- Comune di Assolo
- Assolo Location within Sardinia
- Coordinates: 39°49′N 8°55′E﻿ / ﻿39.817°N 8.917°E
- Country: Italy
- Region: Sardinia
- Province: Province of Oristano

Government
- • Mayor: Giuseppe Minnei

Area
- • Total: 16.37 km^{2} (6.32 sq mi)
- Elevation: 255 m (837 ft)

Population (2026)
- • Total: 321
- • Density: 19.6/km^{2} (50.8/sq mi)
- Demonyms: Assolesi Assolesus
- Time zone: UTC+1 (CET)
- • Summer (DST): UTC+2 (CEST)
- Postal code: 09080
- Dialing code: 0783

= Assolo =

Assolo (Assolu) is a village and comune (municipality) in the Province of Oristano in the autonomous island region of Sardinia in Italy, located about 70 km north of Cagliari and about 30 km southeast of Oristano. It has 321 inhabitants.

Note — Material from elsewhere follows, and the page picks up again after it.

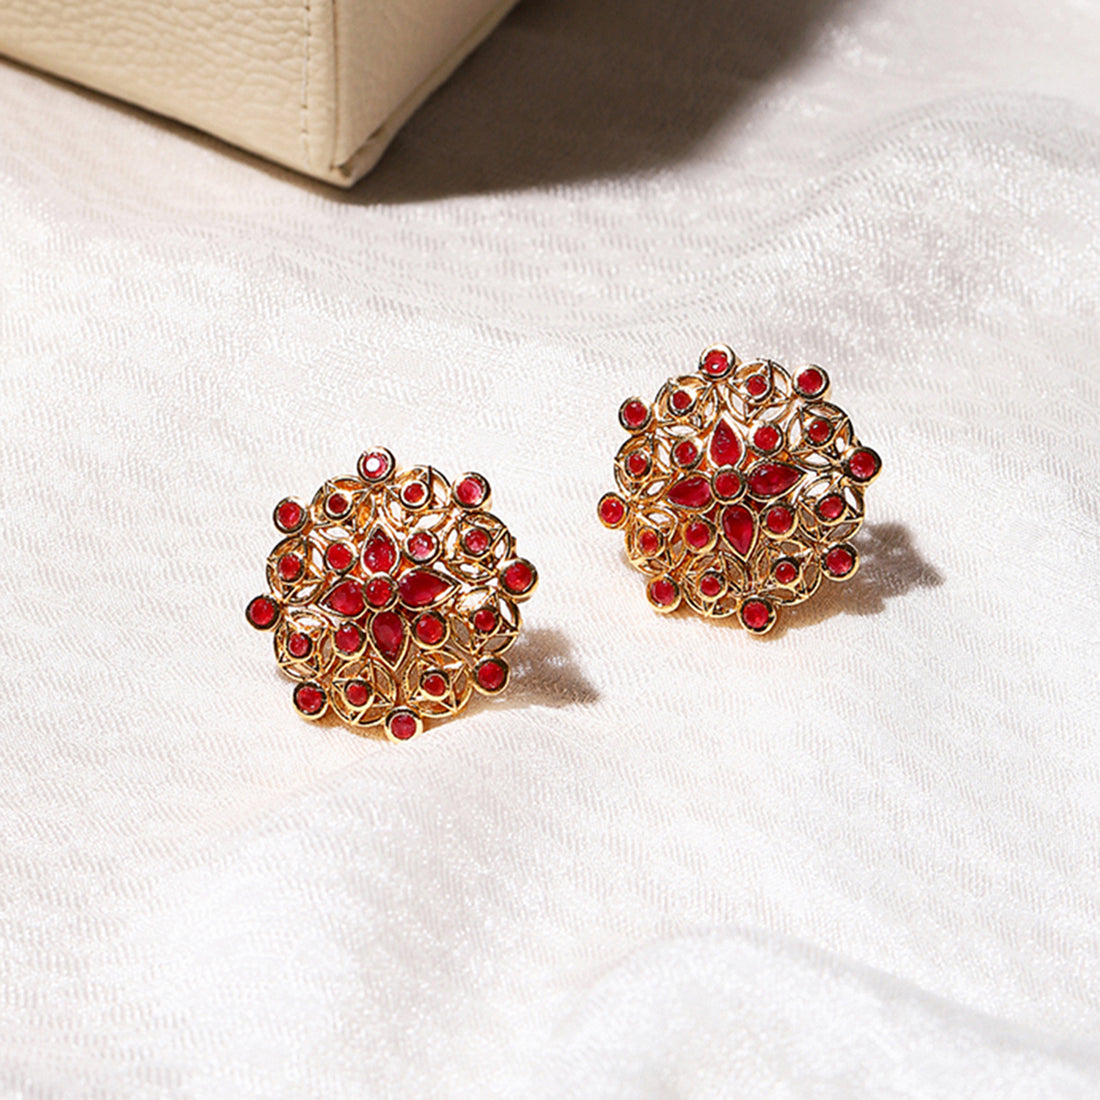 Buy Red Crystal Studs, Crystal Studs, Red Studs, Red Stone Studs Online in  India - Etsy

Assolo borders the municipalities of Albagiara, Genoni, Nureci, Senis, and Villa Sant'Antonio.

== Demographics ==
As of 2026, the population is 321, of which 52.3% are male, and 47.7% are female. Minors make up 10% of the population, and seniors make up 35.8%.

=== Immigration ===
As of 2025, of the known countries of birth of 325 residents, the most numerous are: Italy (318 – 97.8%), Romania (3 – 0.9%), Germany (3 – 0.9%) an.